In the present embodiment, the processor 51 may also be referred to as a CPU (Central Processing Unit ). The processor 51 may be an integrated circuit chip with signal processing capabilities. Processor 51 may also be a general purpose processor, a digital signal processor (DSP, digital Signal Process), an application specific integrated circuit (ASIC, application Specific Integrated Circuit), a field programmable gate array (FPGA, field Programmable Gate Array) or other programmable logic device, discrete gate or transistor logic device, discrete hardware components. The general purpose processor may be a microprocessor or the processor 51 may be any conventional processor or the like.

Still further, referring to fig. 7, fig. 7 is a schematic structural diagram of an embodiment of the computer storage medium provided in the present application, in which the program data 61 is stored in the computer storage medium 600, and the program data 61 is used to implement the data read/write method of the above embodiment when being executed by a processor.

Embodiments of the present application are implemented in the form of software functional units and sold or used as a stand-alone product, which may be stored on a computer readable storage medium. Based on such understanding, the technical solution of the present application may be embodied in essence or a part contributing to the prior art or all or part of the technical solution, in the form of a software product stored in a storage medium, including several instructions to cause a computer device (which may be a personal computer, a server, or a network device, etc.) or a processor (processor) to perform all or part of the steps of the methods described in the embodiments of the present application.
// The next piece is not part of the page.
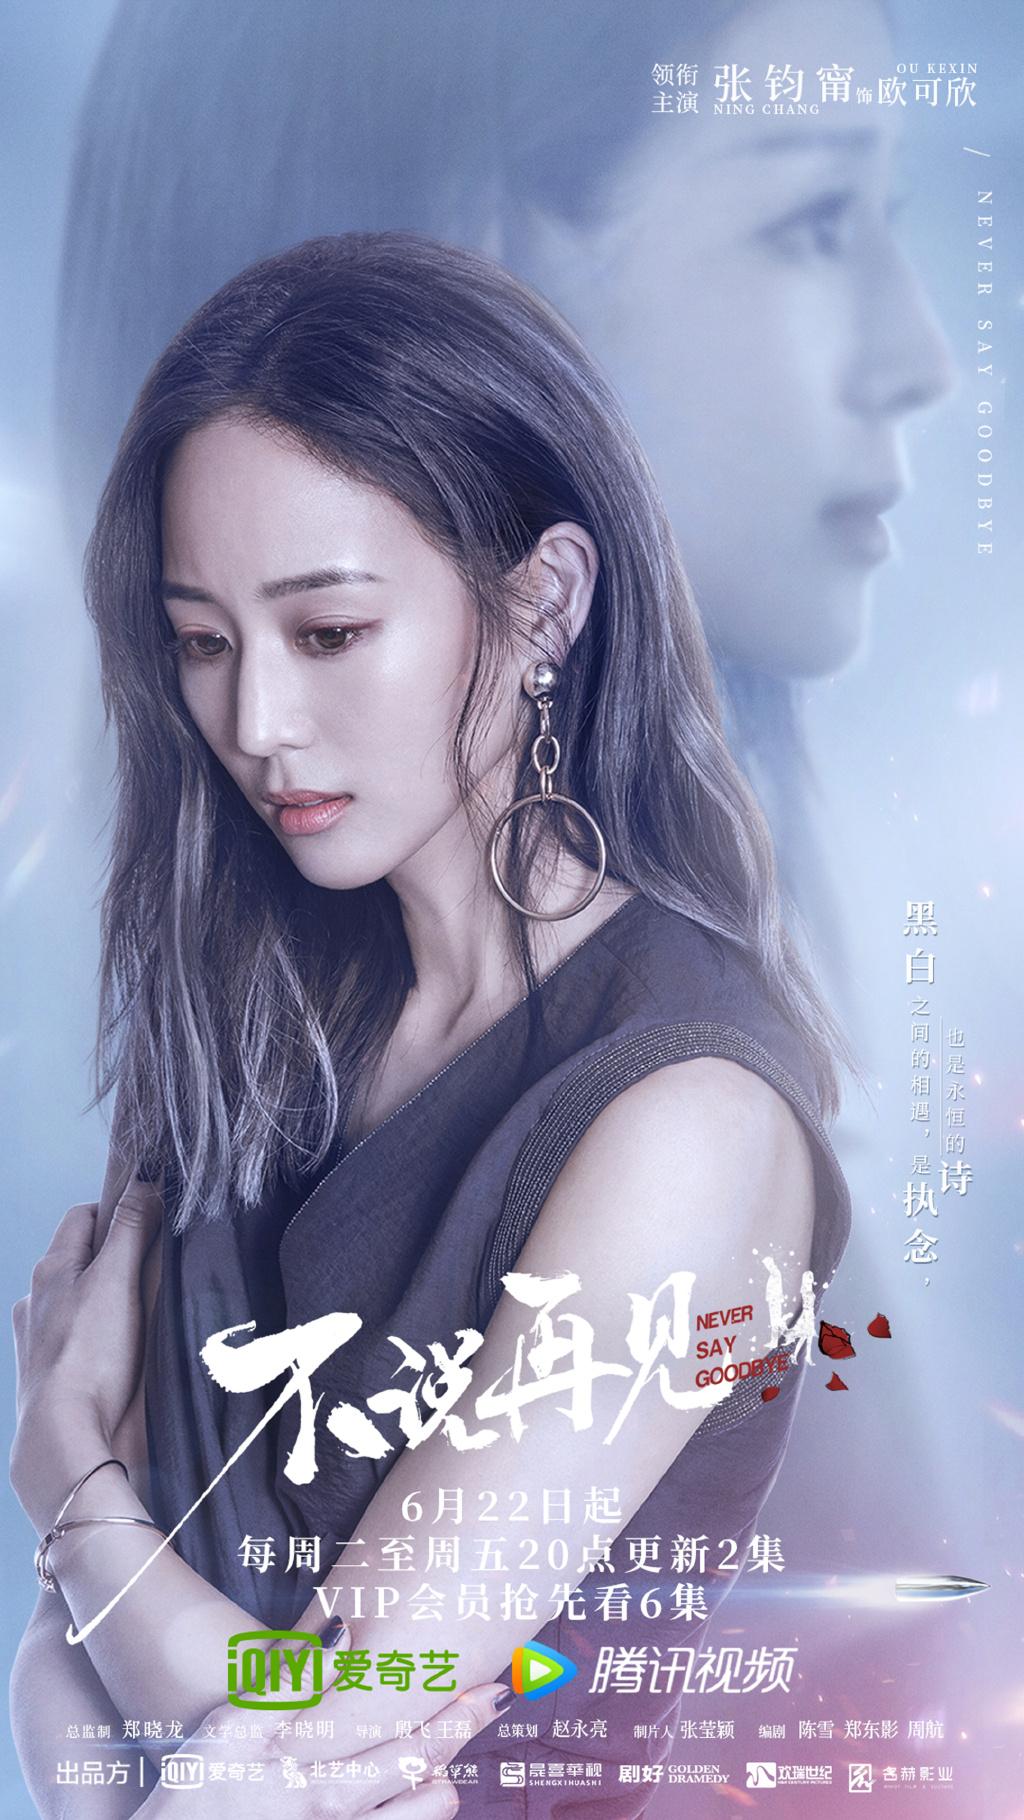 Zhang Jun Ning

And the aforementioned storage medium includes: a U-disk, a removable hard disk, a Read-Only Memory (ROM), a random access Memory (RAM, random Access Memory), a magnetic disk, or an optical disk, or other various media capable of storing program codes.

The foregoing is merely an embodiment of the present application, and the patent scope of the present application is not limited thereto, but the equivalent structures or equivalent flow changes made in the present application and the contents of the drawings are utilized, or directly or indirectly applied to other related technical fields, which are all included in the patent protection scope of the present application.

Claims

1. The data reading and writing method based on the data lake is characterized by comprising the following steps of:

acquiring record data and a main key of the record data;

2. The method for reading and writing data according to claim 1, wherein,

the data reading and writing method further comprises the following steps:

3. The method for reading and writing data according to claim 1, wherein,

the determining whether the primary key of the record data exists in the second primary key list of any log file includes:

acquiring a primary key value range of each log file;

4. A data reading and writing method according to claim 3, wherein,

the determining whether the primary key of the record data exists in the second primary key list of any one of the first log files includes:

acquiring a preset bloom filter of each first log file;

5. The method for reading and writing data according to claim 1, wherein,

the writing the record data into the log file of the second primary key list corresponding to the primary key of the record data comprises the following steps:

6. The method for reading and writing data according to claim 5, wherein,

7. The method for reading and writing data according to claim 6, wherein,

acquiring footer information of a previous data block;

8. The method for reading and writing data according to claim 1, wherein,

the data reading and writing method further comprises the following steps:

9. A data read-write device, wherein the data read-write device comprises a memory and a processor coupled with the memory;

wherein the memory is for storing program data and the processor is for executing the program data to implement the data read-write method according to any one of claims 1 to 8.

10. A computer storage medium for storing program data which, when executed by a computer, is adapted to carry out the data read-write method according to any one of claims 1 to 8.